Above all, he was a minstrel whose prose had the same resonating, twanging rhythms as his folk songs or his verse. Essentially, Carl Sandburg was an American troubadour.

"Family of Man." The nation he sang was the bustling, brawling Amer ica of his Midwestern youth, a land of laborers, slaughterhouses and prairies.

Along with its music and anecdotal flow, his verse had the Whitmanesque "barbaric yawp," as in "Chicago" ("Hog butcher of the world"). Sandburg could also lilt a form of American haiku:

The fog comes On little cat feet.

He loved yarns, slang and "the people of the earth, the family of man."

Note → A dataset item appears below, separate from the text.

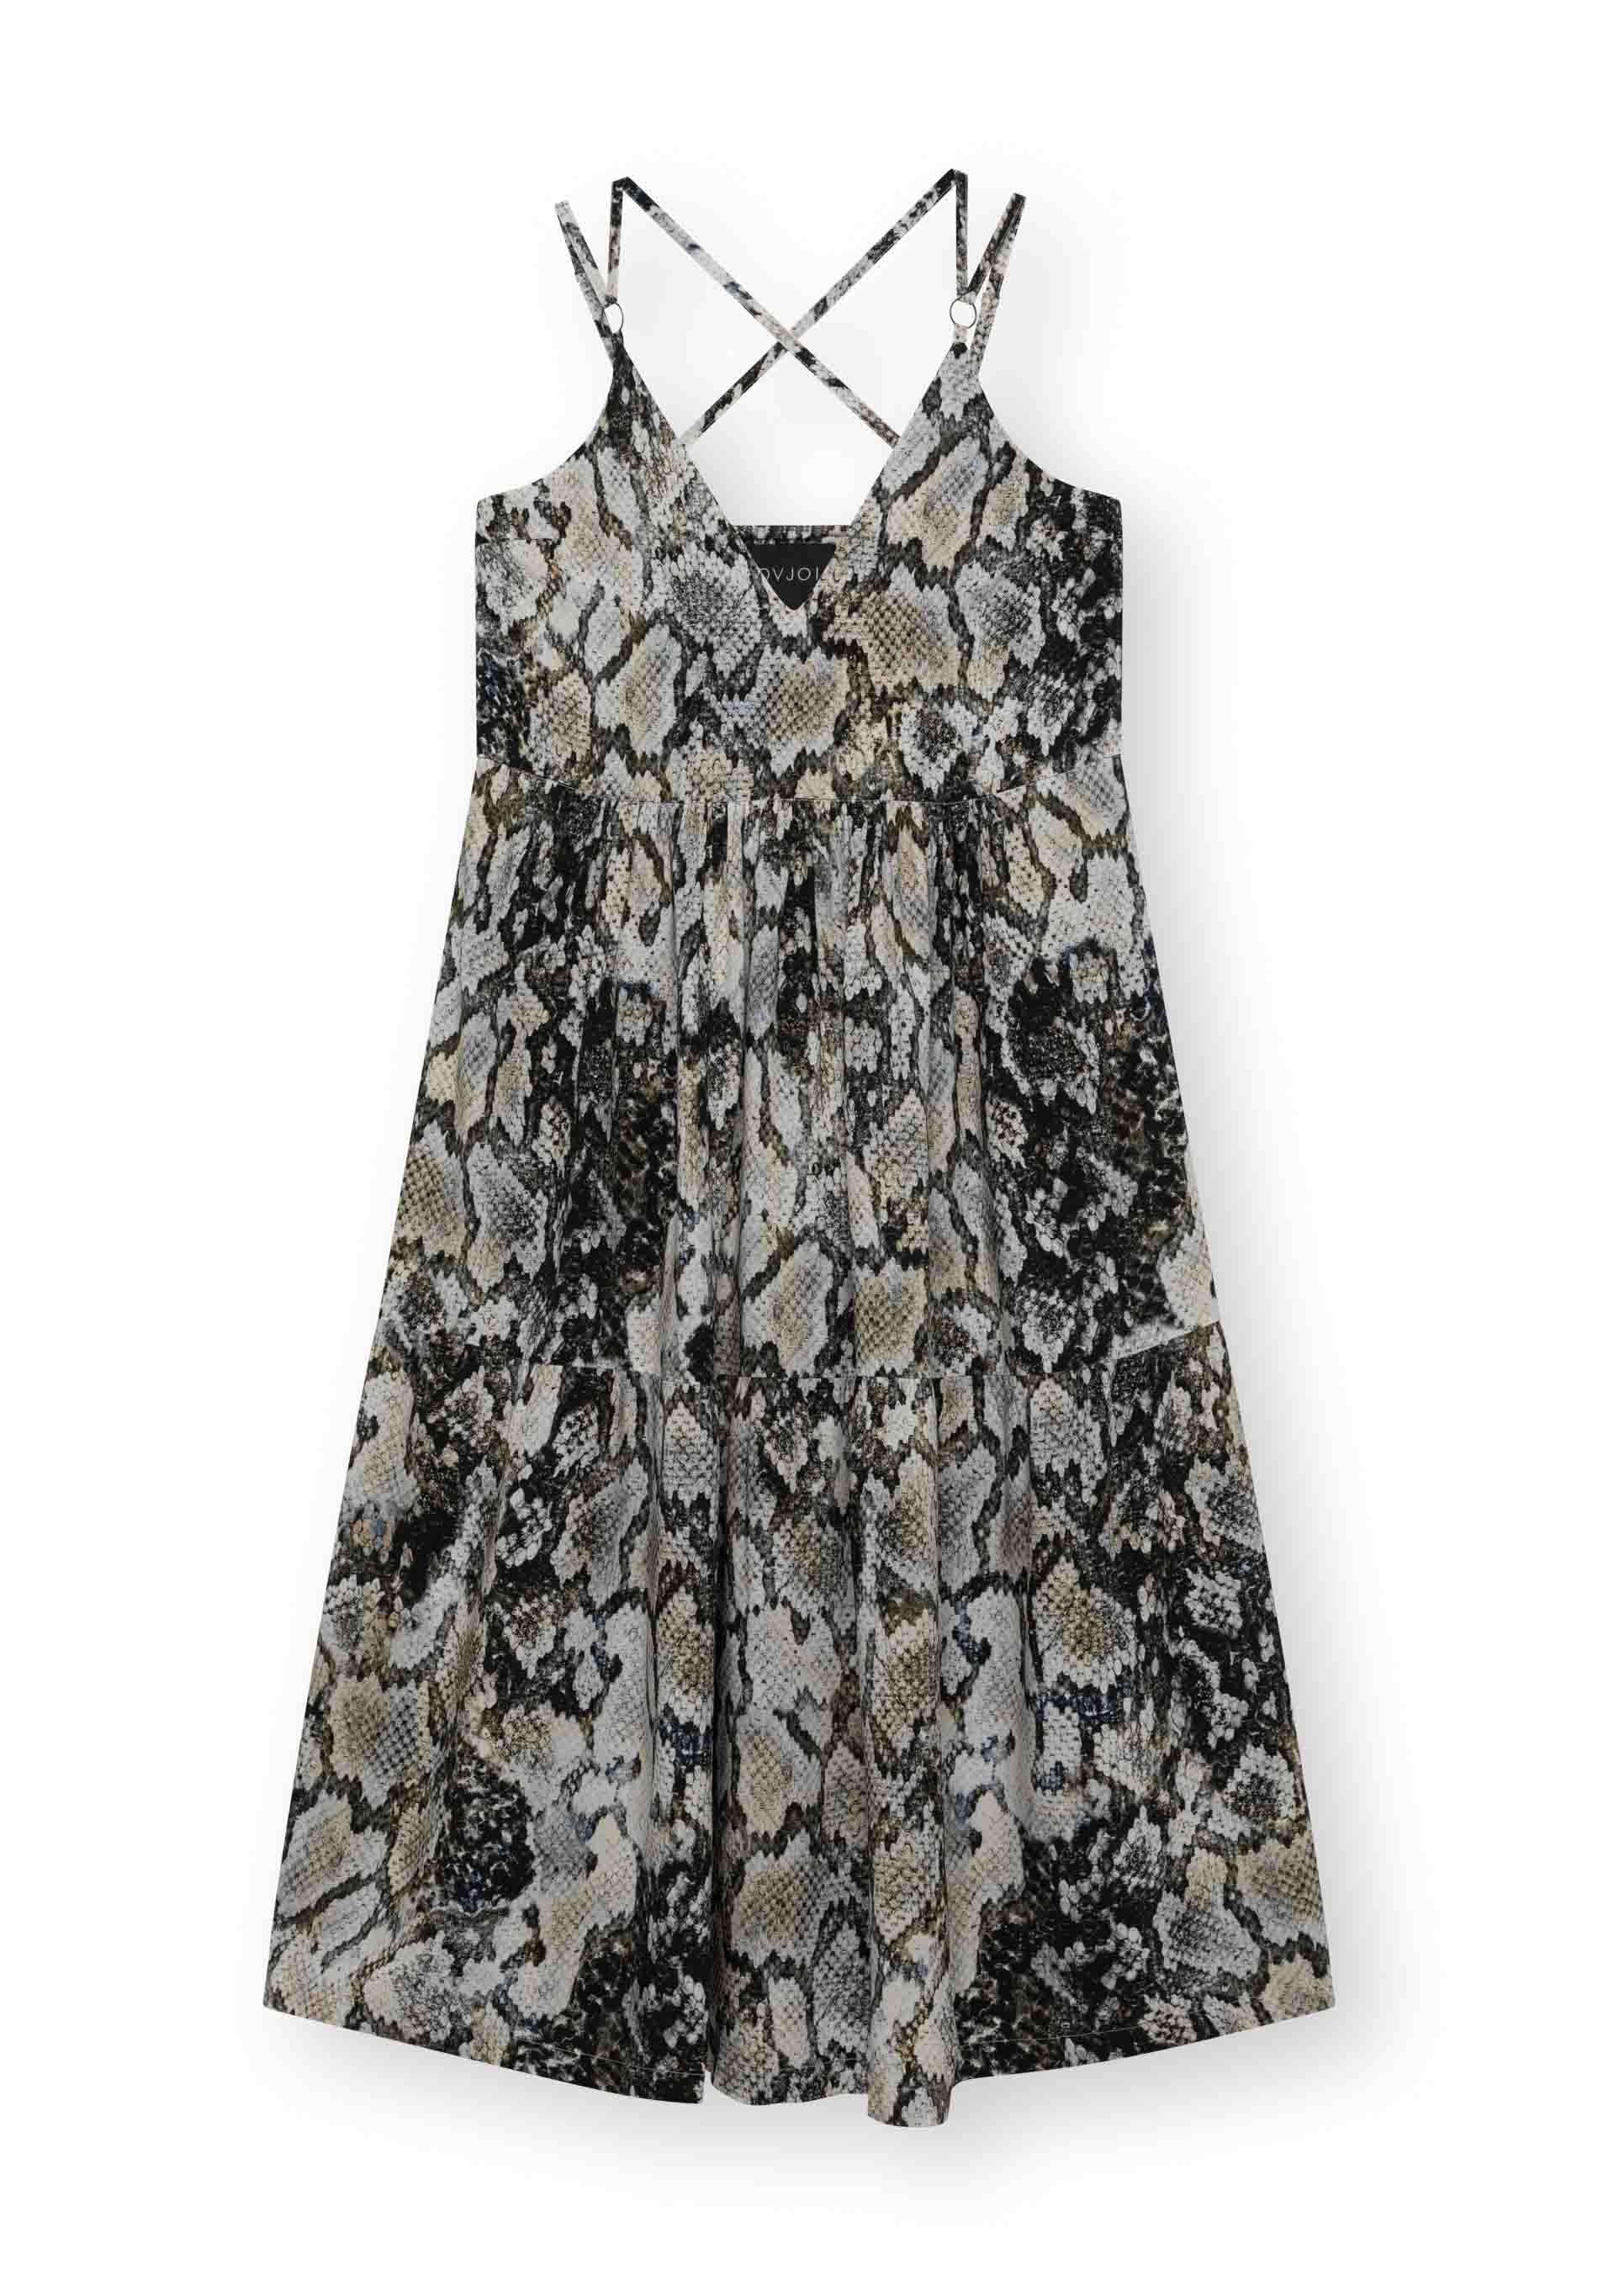 Dress SORAIDA in animal print by LOVJOI made from ECOVERO™

For Sandburg, the head of the family was Abraham Lincoln, who embodied the qualities that the poet so greatly admired, and in some measure possessed: honesty, wit, an unpretentious and even awkward eloquence. For 15 years, Sandburg labored on his monumental six-volume biography of Lincoln. He won a Pulitzer prize for the Lincoln books in 1940, another for his Collected Poems in 1951.

"Ear Wigglings." For all the popularity of his works, Sandburg never fared well in academe. Critic Edmund Wilson observed of the Lincoln biography: "There are moments when one is tempted to feel that the crudest thing that has happened to Lincoln since he was shot by Booth was to fall into the hands of Carl Sandburg." A kind of pseudo-folksy affectation came into some of Sandburg's work. Such criticism never troubled the poet. He was an old-fashioned storyteller, and when an interviewer once mentioned modern poetry, Sandburg snorted: "I say to hell with the new poetry. Sometimes I think it's a series of ear wigglings."

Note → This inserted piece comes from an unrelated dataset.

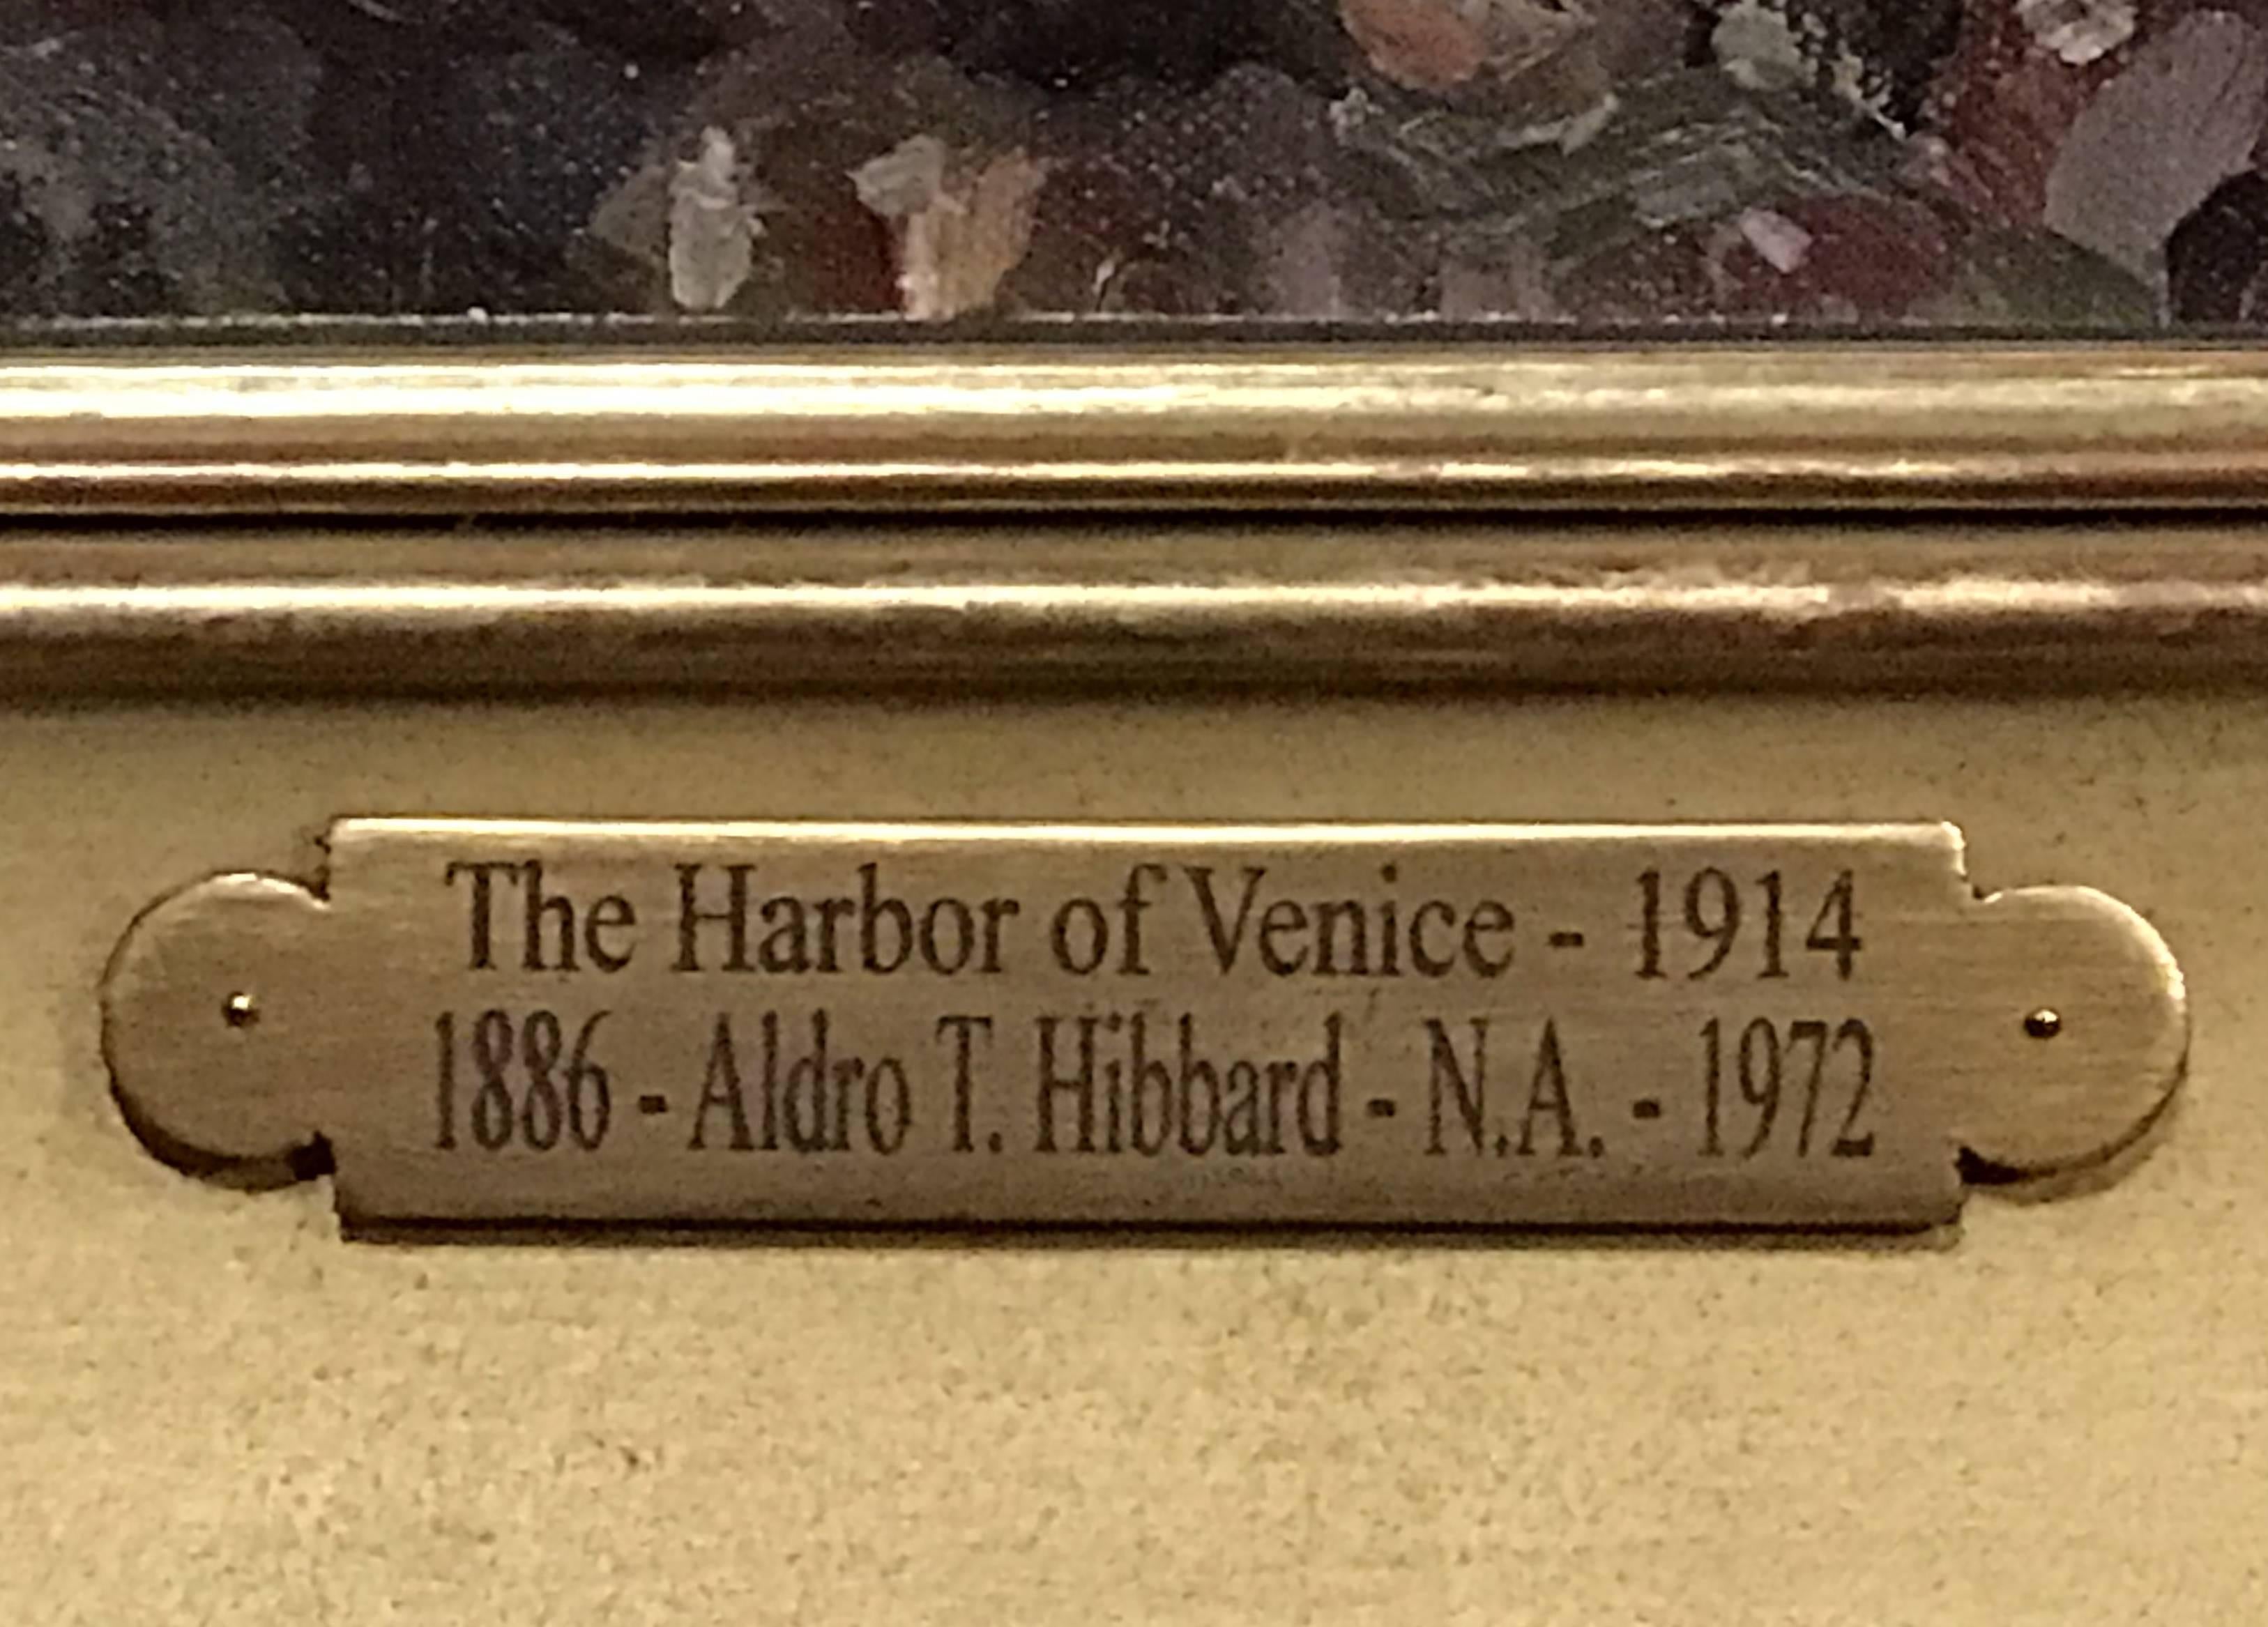 Aldro Thompson Hibbard Impressionist Oil Painting, Harbor of Venice, Italy, 1914 1

Sandburg grew up in Galesburg, Ill., where his Swedish father was a railroad worker. He quit school at 13, hopped a westbound freight at 17 to see the land he was to celebrate. Later Galesburg's Lombard College accepted him on the basis of a special qualifying examination. After studying there for nearly four years, he hoboed in the East, then became a newspaper reporter, a vocation he pursued on and off as a correspondent and columnist for Chicago dailies until 1945.

In 1914, Harriet Monroe's Poetry magazine published "Chicago," and Sandburg was recognized as a raw new

U.S. talent. His collection of Chicago Poems appeared in 1916, followed by Cornhuskers, Smoke and Steel and six other volumes. His talents were diverse, and almost inexhaustible. In 1927 he completed a labor of love, his American Songbag, a treasury of the nation's folk songs. His first novel, Remembrance Rock, was finished in 1948. At 74, he published Always the Young Strangers, a memoir of his boyhood. Always, however, his first love was verse and song. As a preface to 1928's Good Morning, America, Sandburg listed 38 tentative definitions of poetry. Among them: "Poetry is a sliver of the moon lost in the belly of a golden frog."